Start of Block

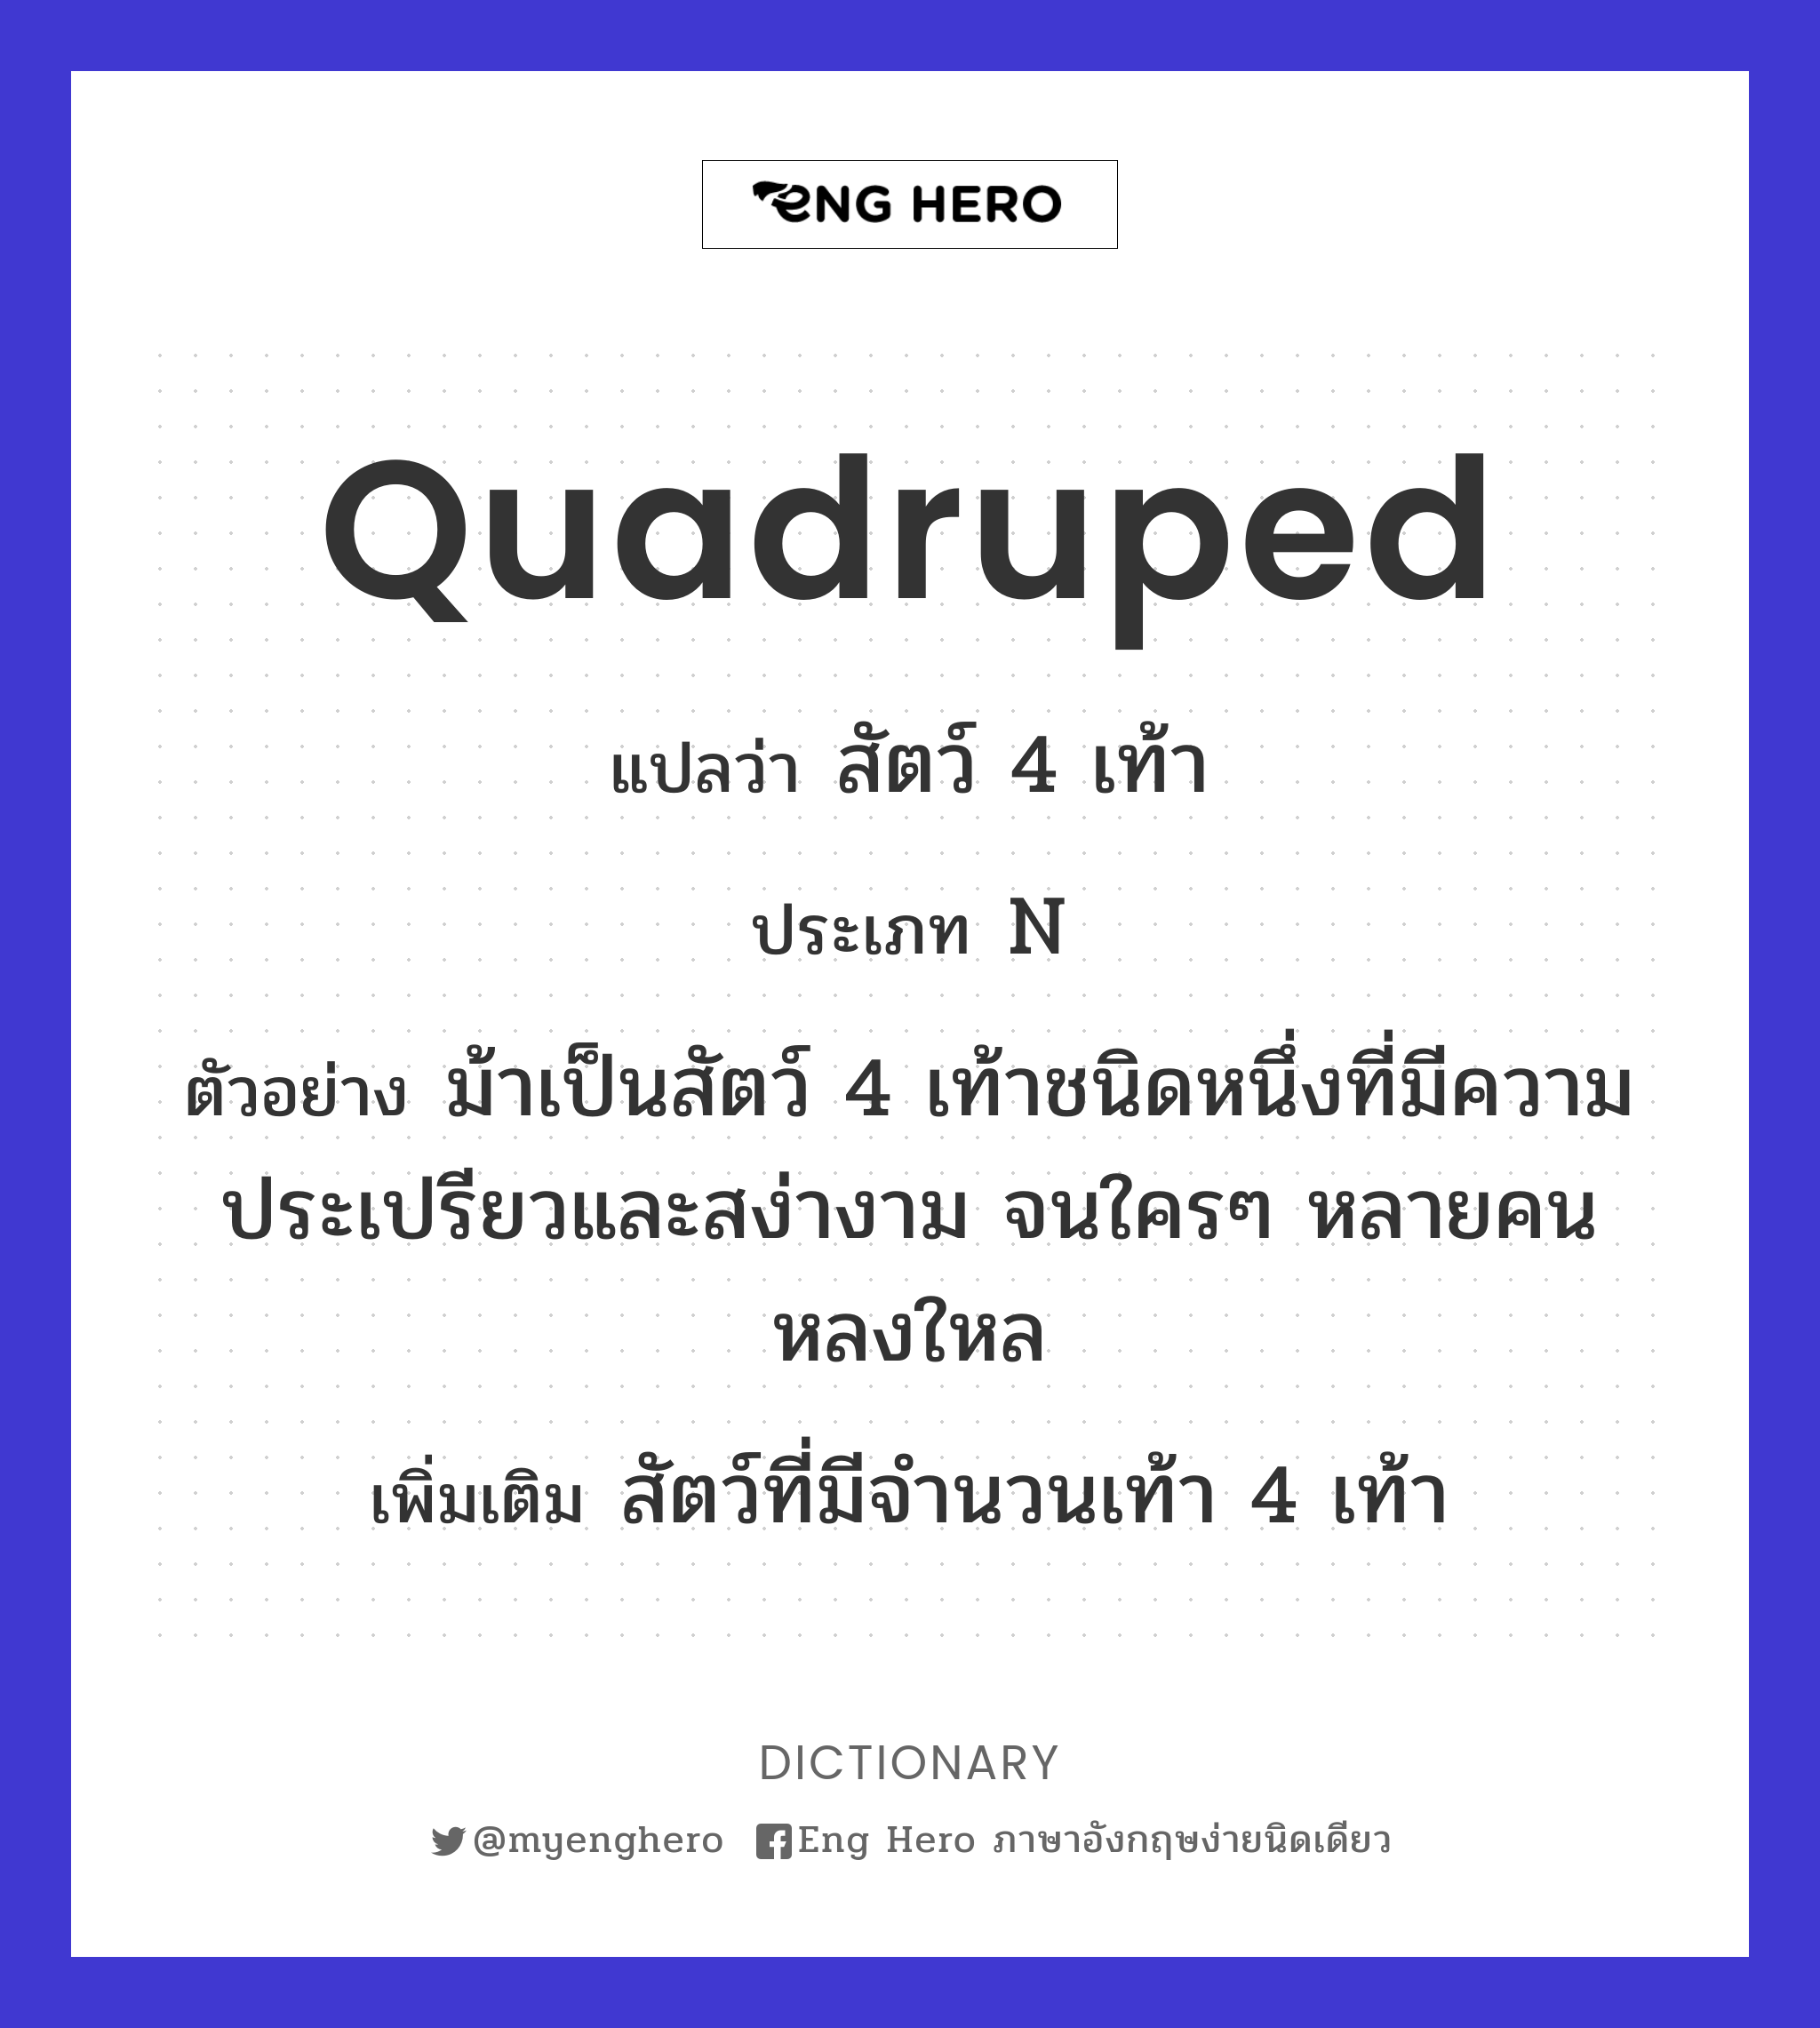 quadruped
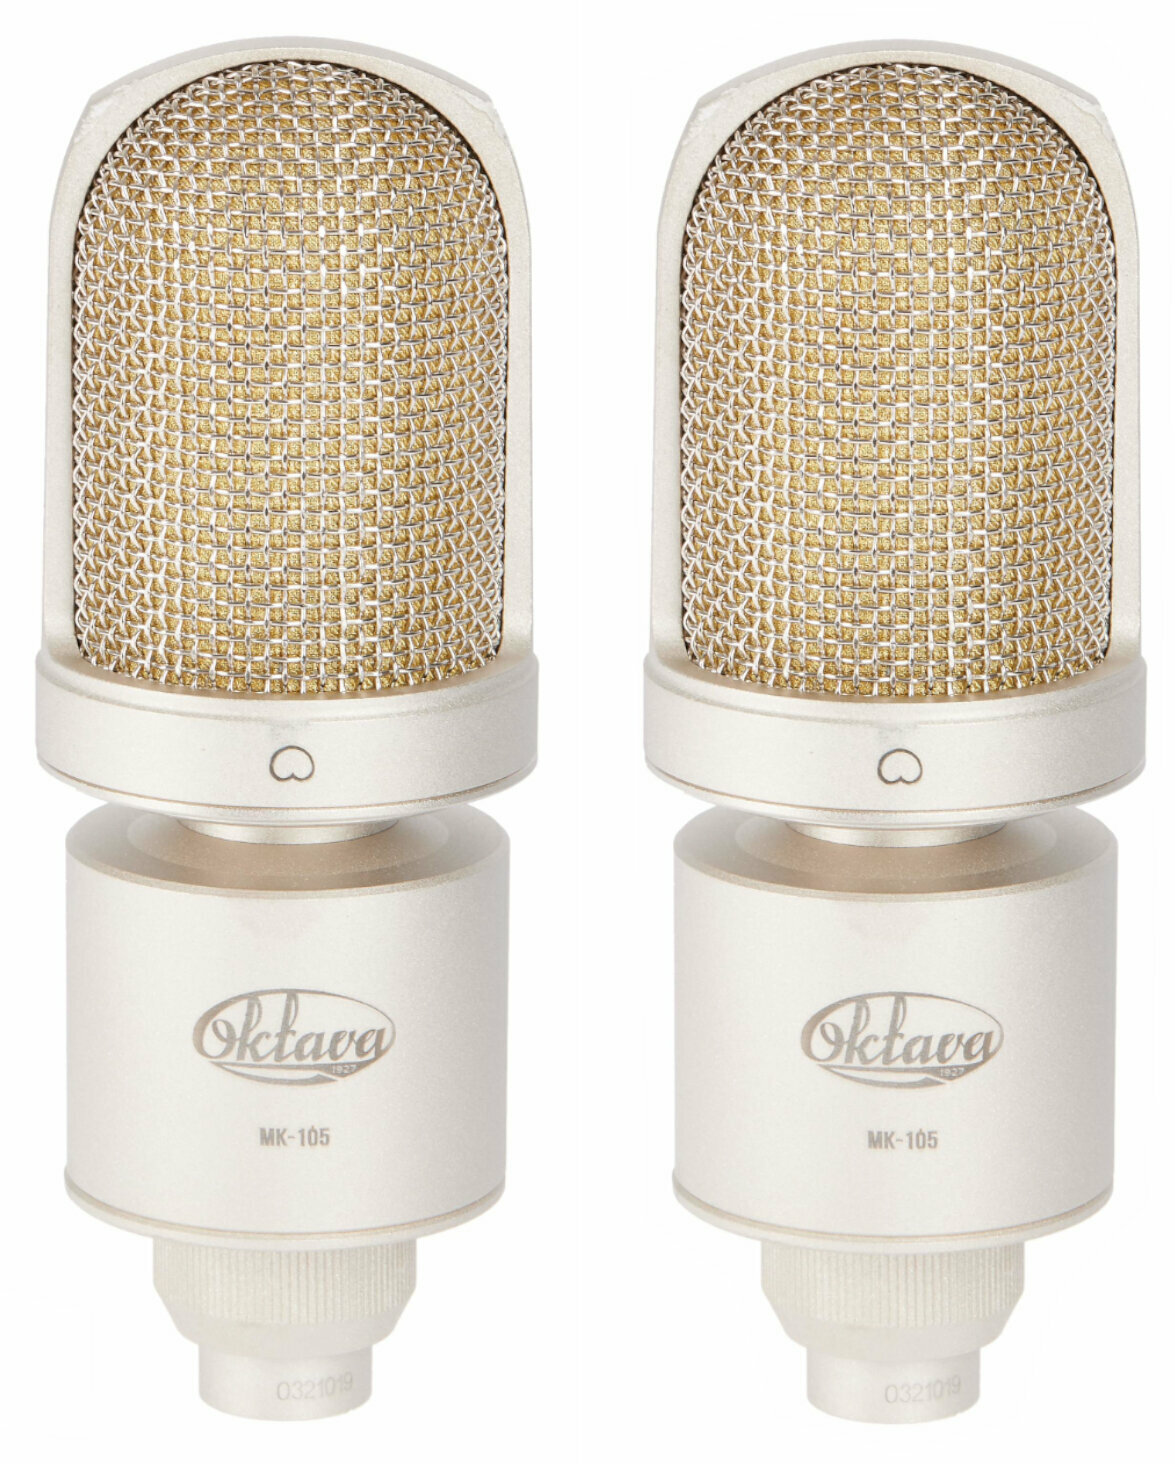 Condensatormicrofoon voor studio Oktava MK-105 stereo pair Condensatormicrofoon voor studio
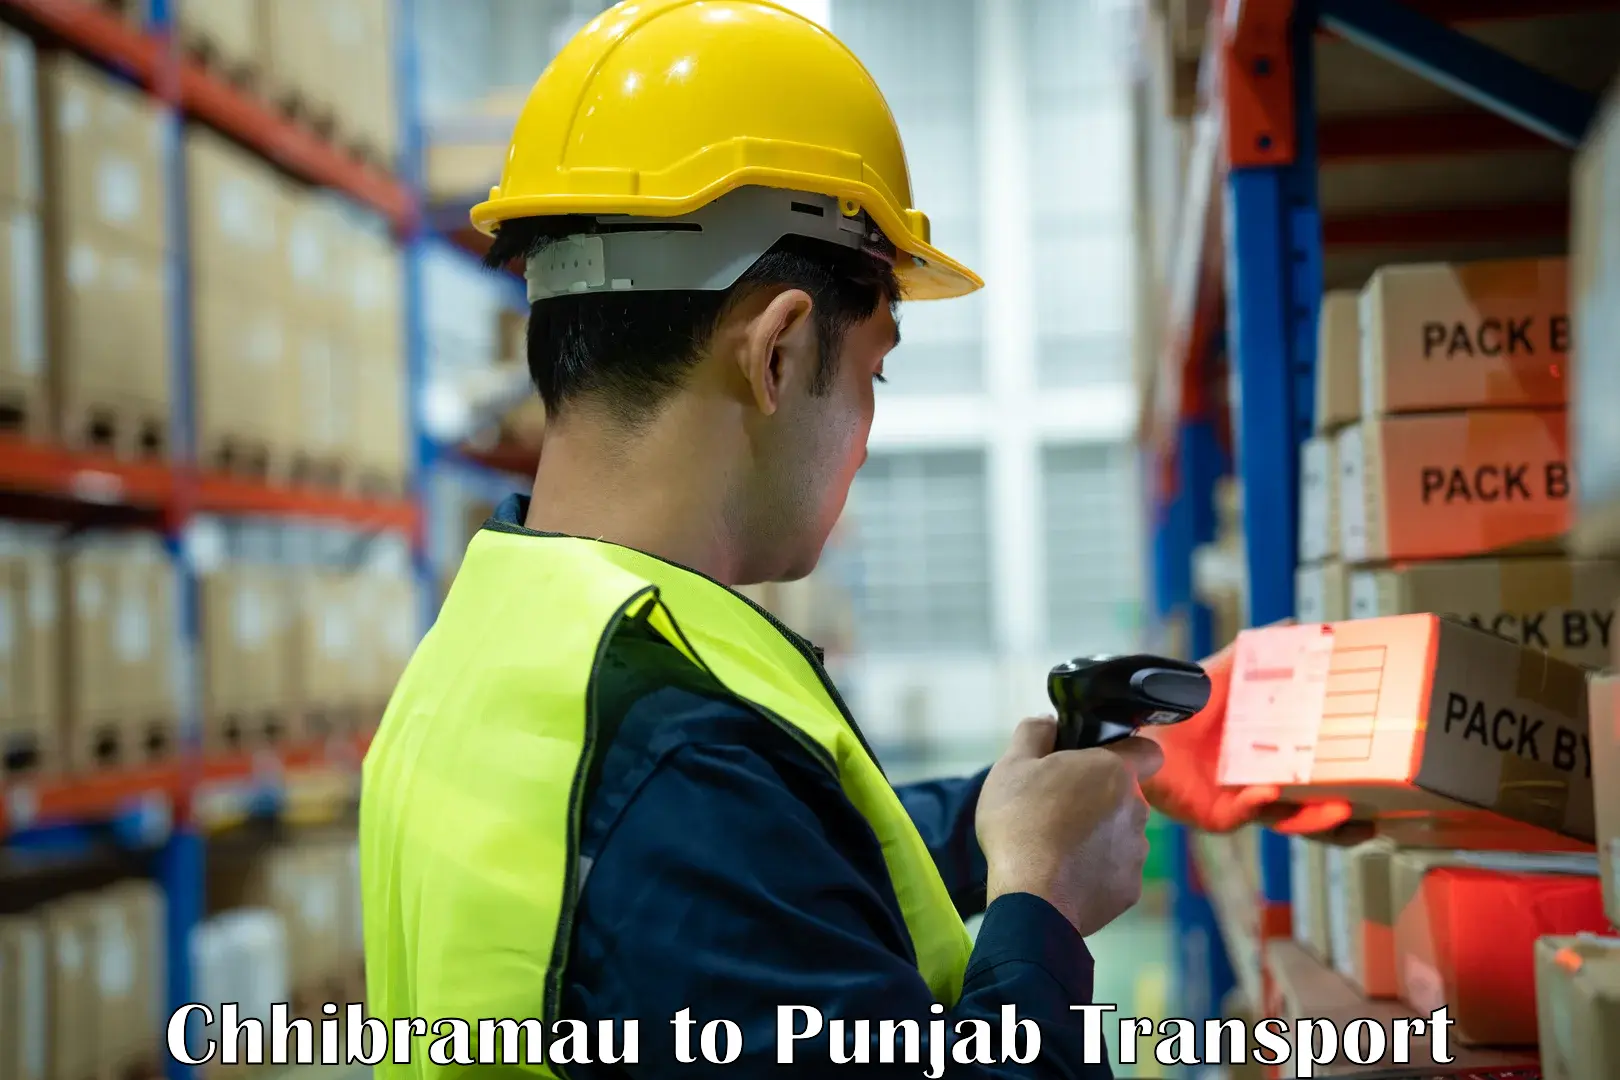 International cargo transportation services Chhibramau to Punjab

End of Block

_Required work_.
Each line from the one containing "Condensatormicrofoon voor studio Oktava" through the last line of the data should be written out exactly. Skip the pictures, and add no other lines.

_Solution for this exercise_.
 Condensatormicrofoon voor studio Oktava MK-105 stereo pair Condensatormicrofoon voor studio
 International cargo transportation services Chhibramau to Punjab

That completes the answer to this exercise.